The output should hold exactly, and only, the lines from the line bearing "La cesta de" through the last line of the listing below, and no pictures.

Data segment
::::::::

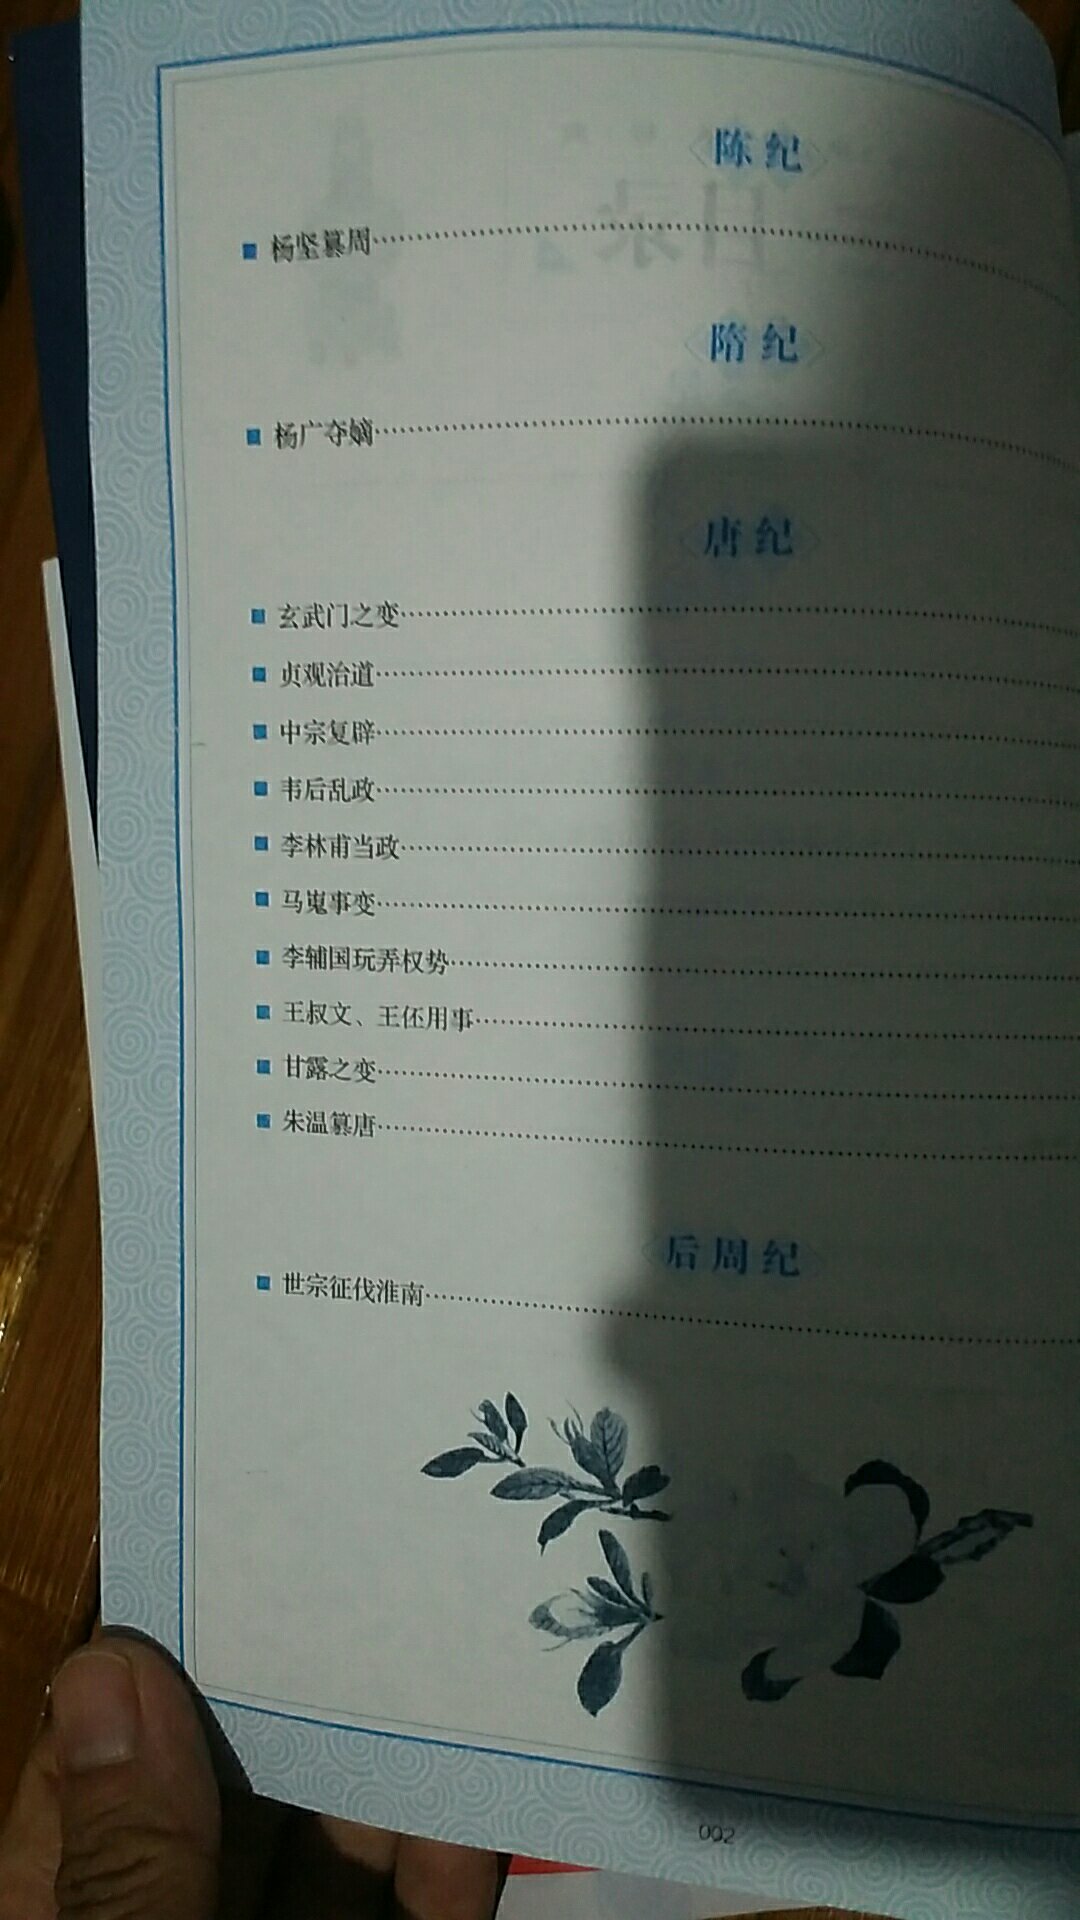 是一位教初中语文的朋友推荐买的，她说平时考试有很多文章出自这里边。
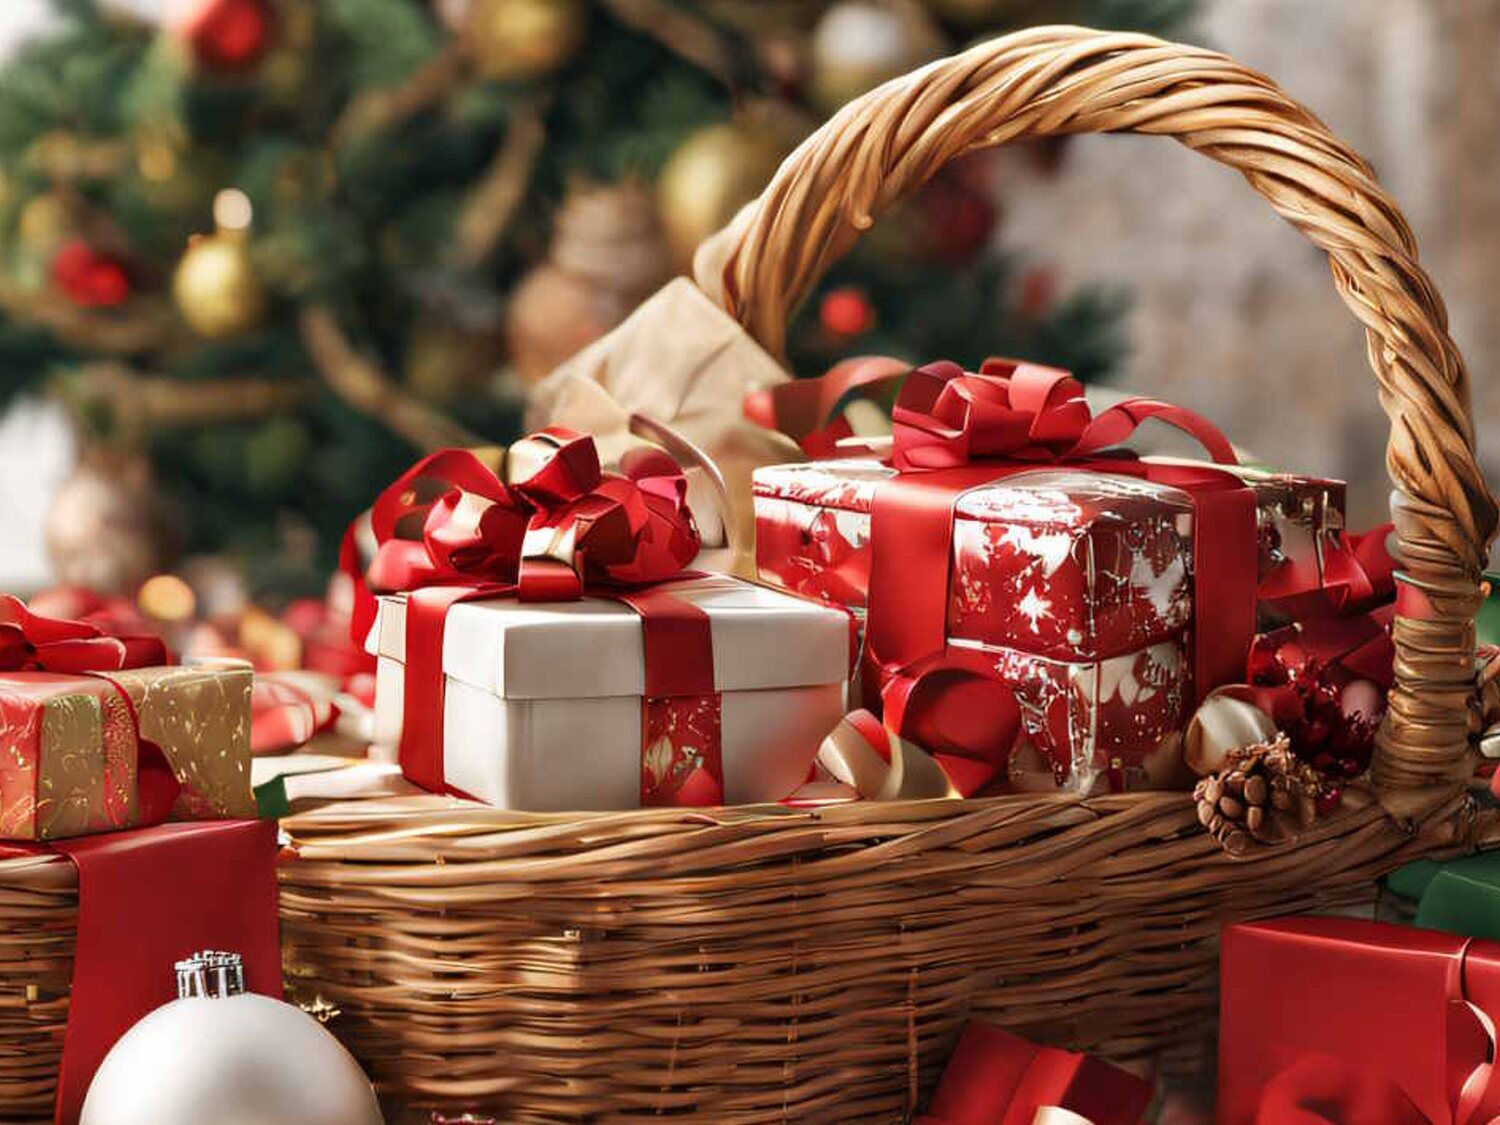 La cesta de Navidad más cara de España, valorada en 750.000 euros: cómo conseguirla
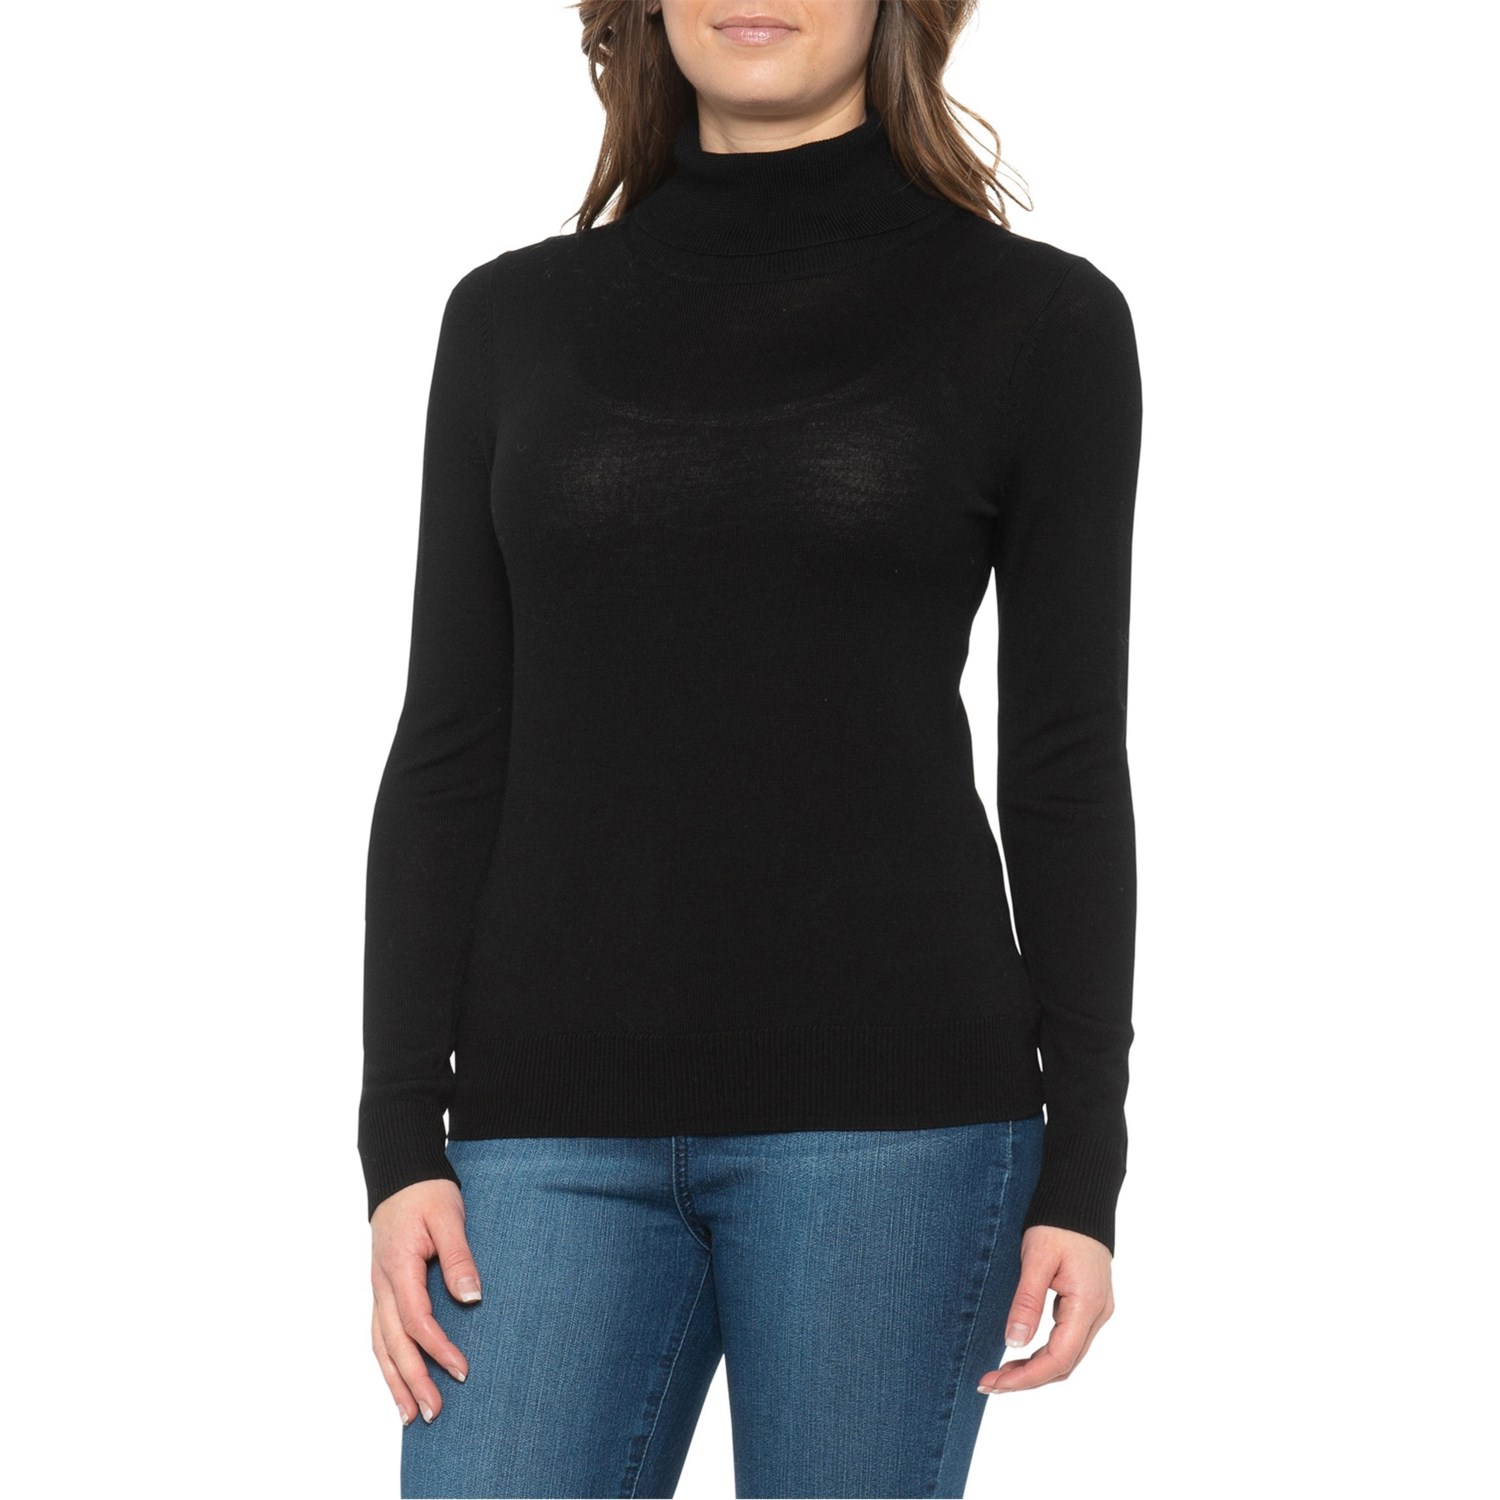 black merino wool sweater womens

::::::::

Output of the exercise
 La cesta de Navidad más cara de España, valorada en 750.000 euros: cómo conseguirla
 black merino wool sweater womens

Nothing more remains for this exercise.